Scott Collins on Computer Language Design
First of all, if you ever have the chance to hear Scott Collins give a technical talk (or any other talk, for that matter), you have to hear him. His wealth of knowledge and his speaking style make difficult problems approachable.
His discussion was on the development of computer languages, and the future of programming languages. He started with the definitions of the problem domains, machine languages, and you (the programmer). These three areas have quite a bit of distance between them. You bridge these three areas using computer languages, libraries, and your programs.
What you can learn from that is that all languages (even general purpose languages) have a grammar and contain first-class types that shorten the distance between its chosen problem domain, and you, and the machine.
You can see this in some historical examples:
- FORTRAN was written for mathematics.
- PERL was written for sys admin tasks.
- LISP was written to explain how computers work.
By picking the language that is ‘closest’ to your problem domain you do gain some advantage. But, you can build anything in any language.
However, some languages are closer to the problem domain (see Mathematica) than others. That is (at least in part) because Mathematica is more like a domain language than a general purpose language.

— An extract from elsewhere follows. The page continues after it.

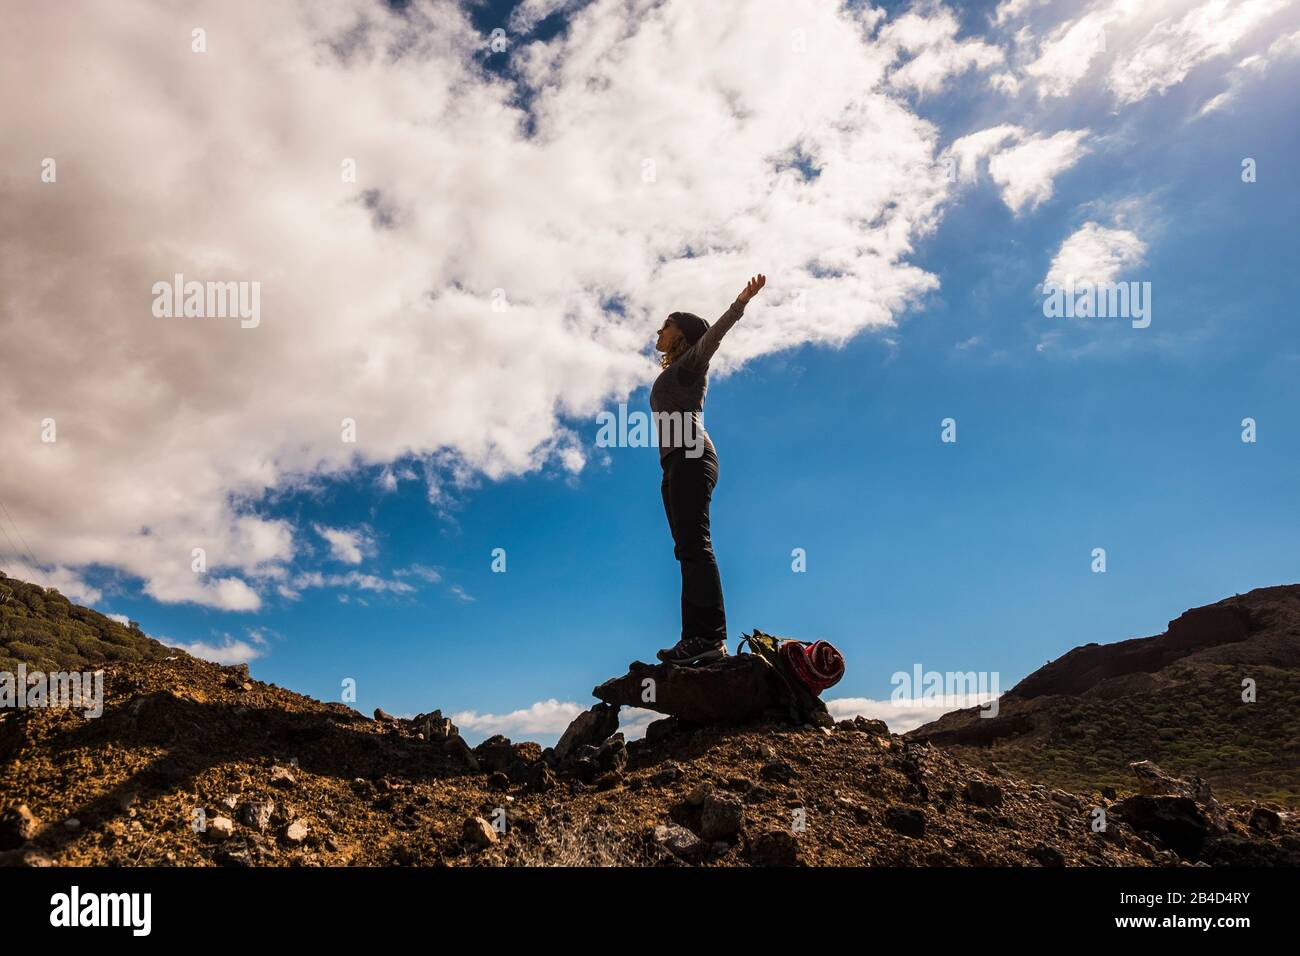 People having success in healthy outdoor leisure activity - trekking and adventure on mountains - standing woman with open arms enjoying freedom - blue sky in background Stock Photo

When you build large programs you are building your own domain language. Think about this: Your team doesn’t ask questions about how to fashion loops, or how to add numbers. Rather, they are asking questions about how to use the code and libraries your team has already implemented. Language features help you create these domain languages.
This is important, because you are a language designer. It's not a general purpose language, rather, it's the language for your chosen domain. That might be a product suite, it might be a framework, or it might be some assemblies used in a set of internal tools.
One of his key points is that you can learn a great deal about software development by expeanding your horizons, and looking for, and at, other languages and design metaphors. If you really want to grow, stop thinking of anything as ‘the answer’, and think of it as ‘one answer’.
There are some real differences in computer languages that help you build your own domain languages:
- Can I implement type as good as built-in?
- Can I treat code like any other value?
- Can I control object lifetime?
- Can I build new types at runtime?
- How much type knowledge at runtime?
- Can I build new types as runtime?
- Is it up to the task?
- How smoothly can I integrate my code into the language vocabulary?
There is also critical mass: Is it in use in the wild? (For example, Latin is cool, but very few people use it)
He added a great satirical look at many of our current languages. Why was it written? Who used it? What did they do it for? That's important, because your users want a language too. (For example, emacs is a language: For editing.) Give it to them.
So, here’s some conclusions:
- New languages will keep coming.
- Old languages will continue to change.
- The very things you like about your language are the very things that make someone else hate it.
- Most arguments are about ridiculously small points.
On design:
- Choosing the right language is less important than building the right language for your problem domain.
- Apply the right parts of the team to the right parts of the language.
- Building your design as a language helps you solve problems more elegantly.
- Your program is a part of the users language. Give it to them.
So, we are all language designers. For our teams, for our users, and for other people.
The question period was hilarious. But, I was laughing too hard to take good notes. I will say it's the only time I've heard the words "pupperoni" and "Objective C" in the same sentence.